Салон Серебряковой, в котором общались представители советской верхушки и художественная богема, давал возможность последним найти определенные возможности для воплощения своих творческих планов. В то же время слишком близкое общение с власть имущими могло привести и к опасным последствиям в условиях обострявшейся в Кремле политической борьбы. Однажды Серебрякова стала свидетельницей разговора в кабинете ее мужа, в котором участвовали крупные военные и партийцы.
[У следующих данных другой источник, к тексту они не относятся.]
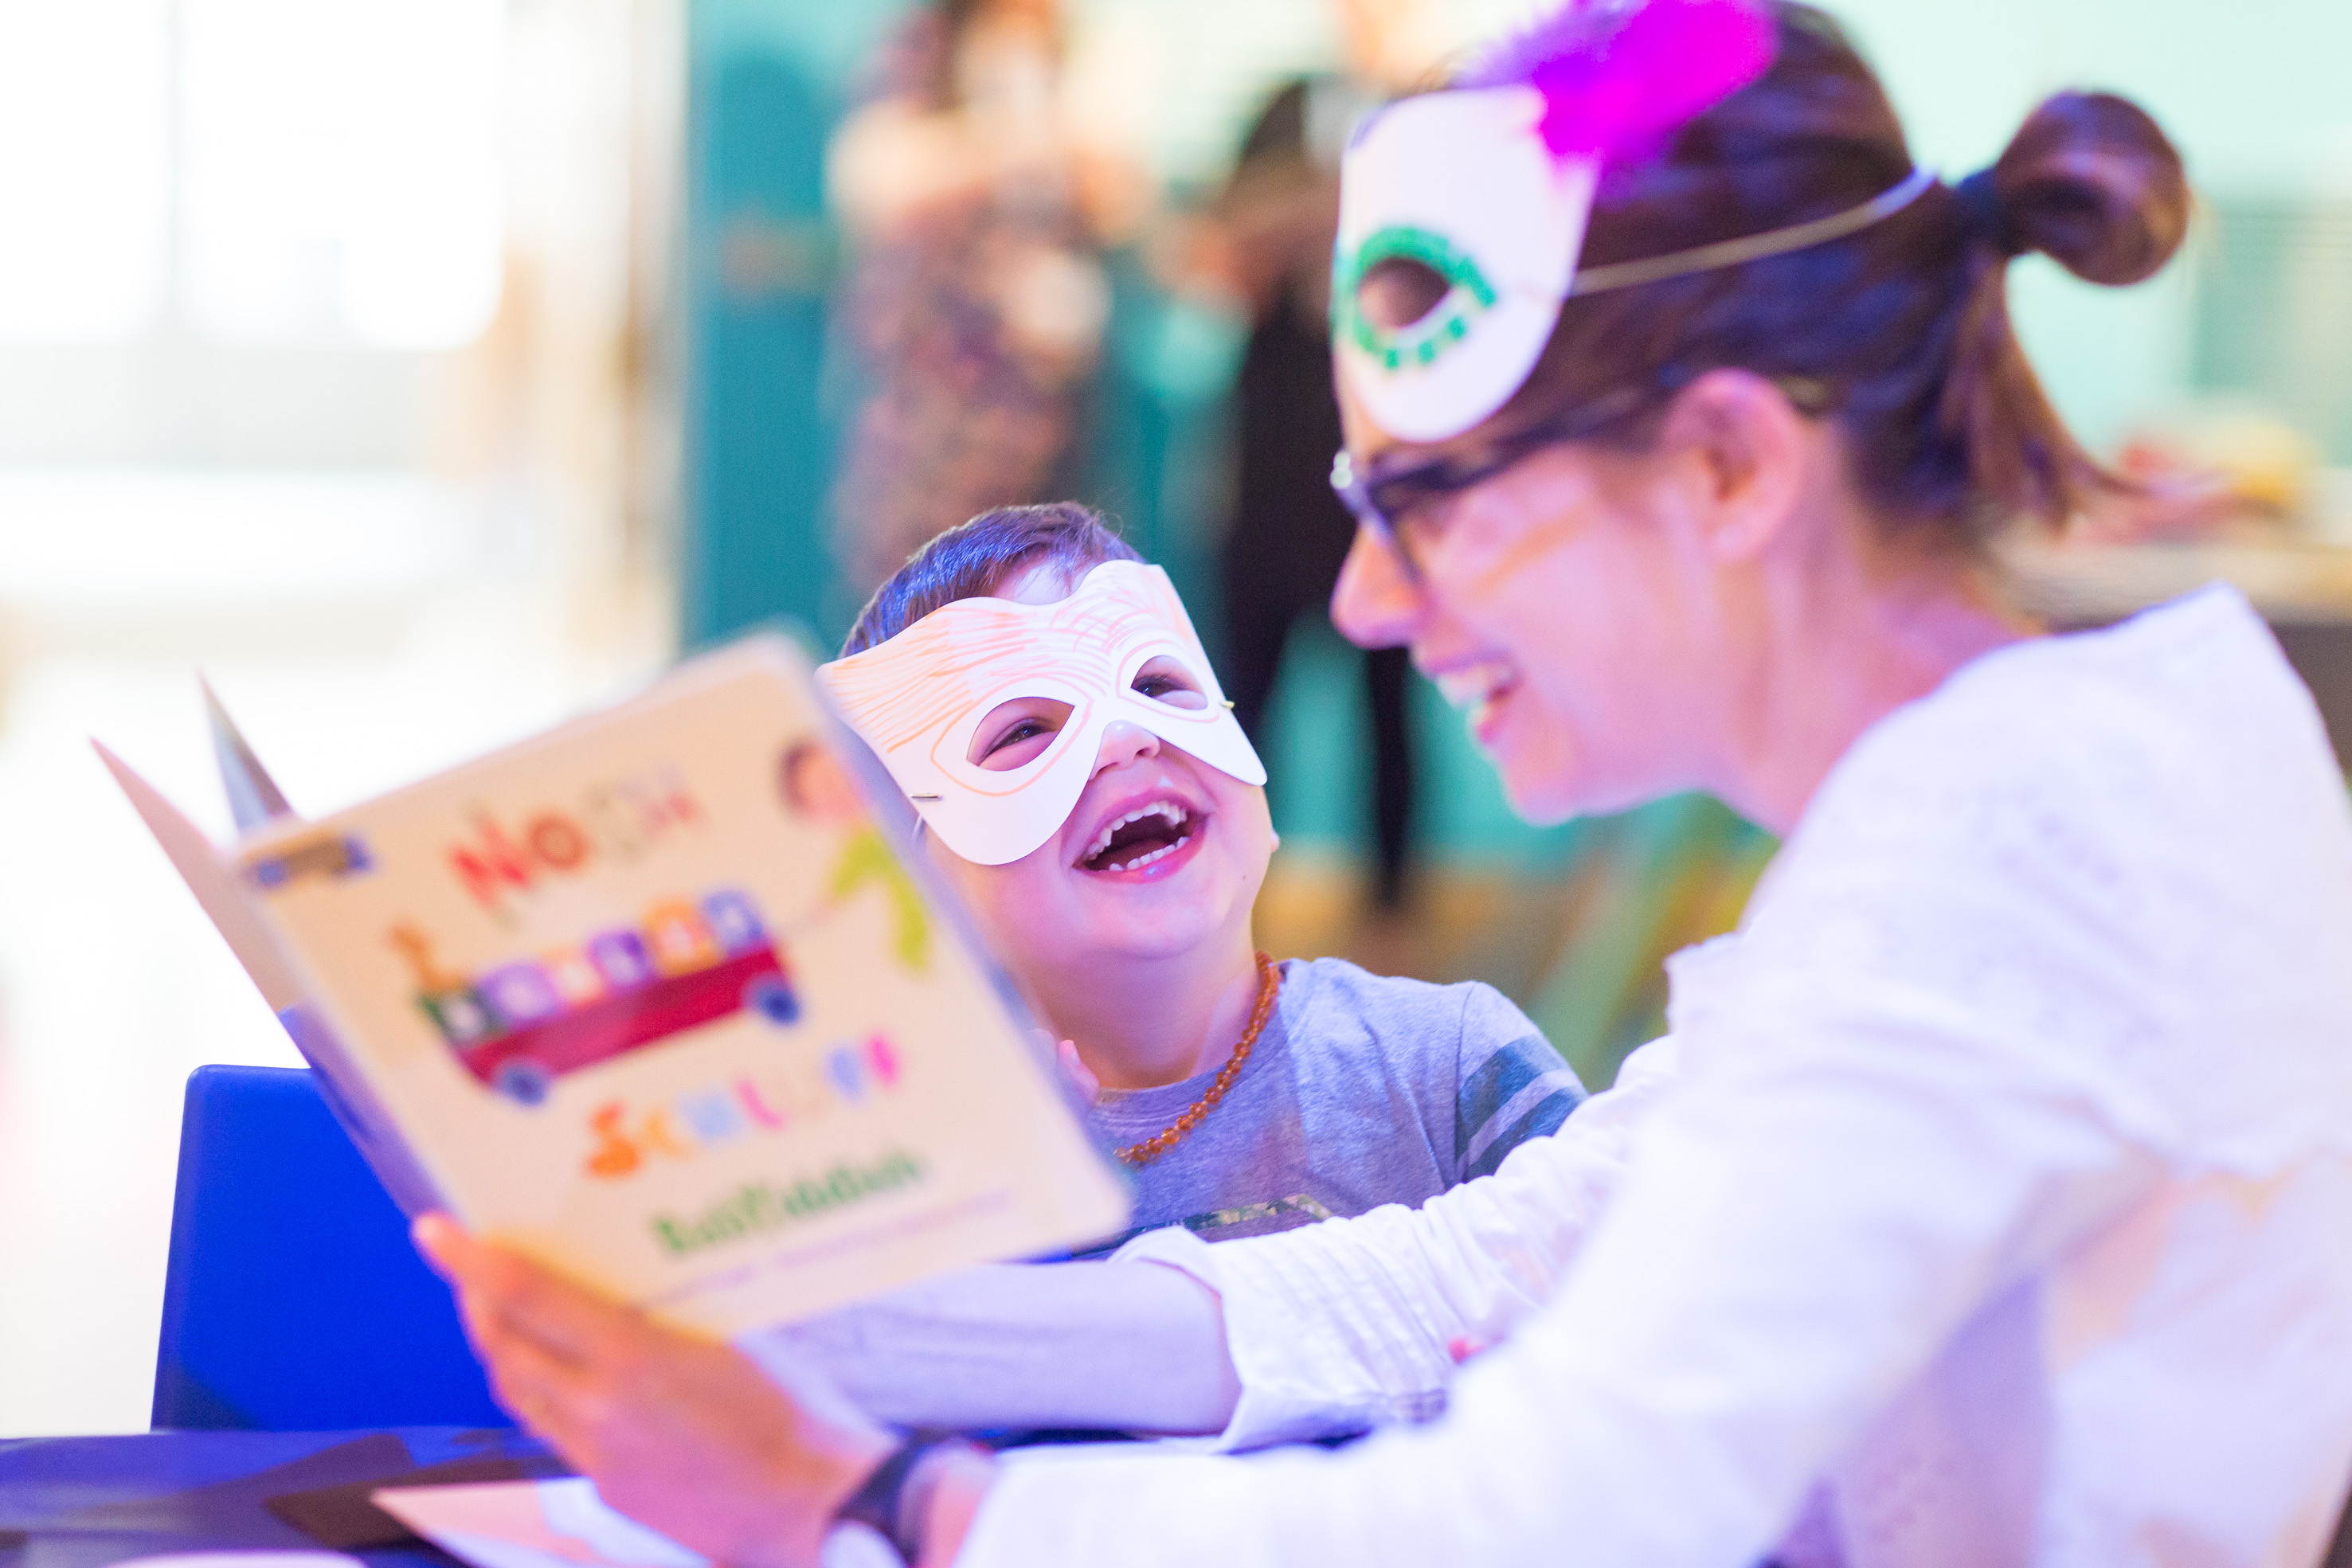 Adult female reads to small child who sis laughing. Both are wearing masks

Зайдя с подносом с кофе, она услышала слова Алексея Сванидзе, брата первой жены Сталина: «Коба зарвался, надо его ликвидировать». Такие разговоры не прошли даром, Коба сам решил ликвидировать и супруга Серебряковой, и тех его единомышленников, что собирались у него на квартире.
Серебрякову арестовали в 1936 году следом за мужем, выслали в Семипалатинск. В 1939 году приговорили к восьми годам лагерей, освободилась она в 1945-м, работала фельдшером в Джамбуле. Через четыре года ее опять «взяли», дали «десятку» за контрреволюционную агитацию. Реабилитировали в 1956 году. Примечательно, что, пережив лагеря и тюрьмы и выйдя на свободу, Галина Иосифовна продолжала славить марксизм-ленинизм, излагая биографии Маркса и Энгельса. Но главную книгу своей жизни, вышедшую лишь в 1989 году, да и то в Алма-Ате, Серебрякова не увидела (летом 1980-го — в 74 года — она скончалась). Это воспоминания о лагере, называются «Смерч», их полезно сегодня кое-кому почитать.
Серебрякову истязали в сталинских застенках. Как-то в 1961 году на встрече Хрущева с интеллигенцией в Кремле она вышла на трибуну и, расстегнув кофту, показала последствия ее допроса Абакумовым. И вдруг послышался шум, кто-то упал в обморок от увиденного — это был Шостакович. В 1962 году ей удалось попасть на прием к первому секретарю МГК КПСС Петру Демичеву. И вот эта немолодая, изможденная в ГУЛАГе женщина, только начав рассказ о своих жутких жилищных условиях, вдруг стала расстегивать кофточку. Демичев прямо обалдел: видно, здорово ей по голове настучали там, на Лубянке! Но что же дальше? Она, слава богу, остановилась. Оказывается, Серебрякова хотела показать ему страшный шрам на груди: «Это след нагайки самого Абакумова. Любил садист во время допросов есть груши и виноград». Два с половиной часа Серебрякова была в кабинете Демичева, говорила в основном она, вспоминала. Когда Серебрякова, наконец, собралась выйти из кабинета, впечатлительный Демичев, давно не слышавший ничего подобного, проводил ее лично, открыв перед ней дверь. Затем он приказал позвонить в Моссовет, чтобы ей помогли с квартирой. Уже через две недели Серебрякова получила отличную трехкомнатную квартиру на Кутузовском проспекте.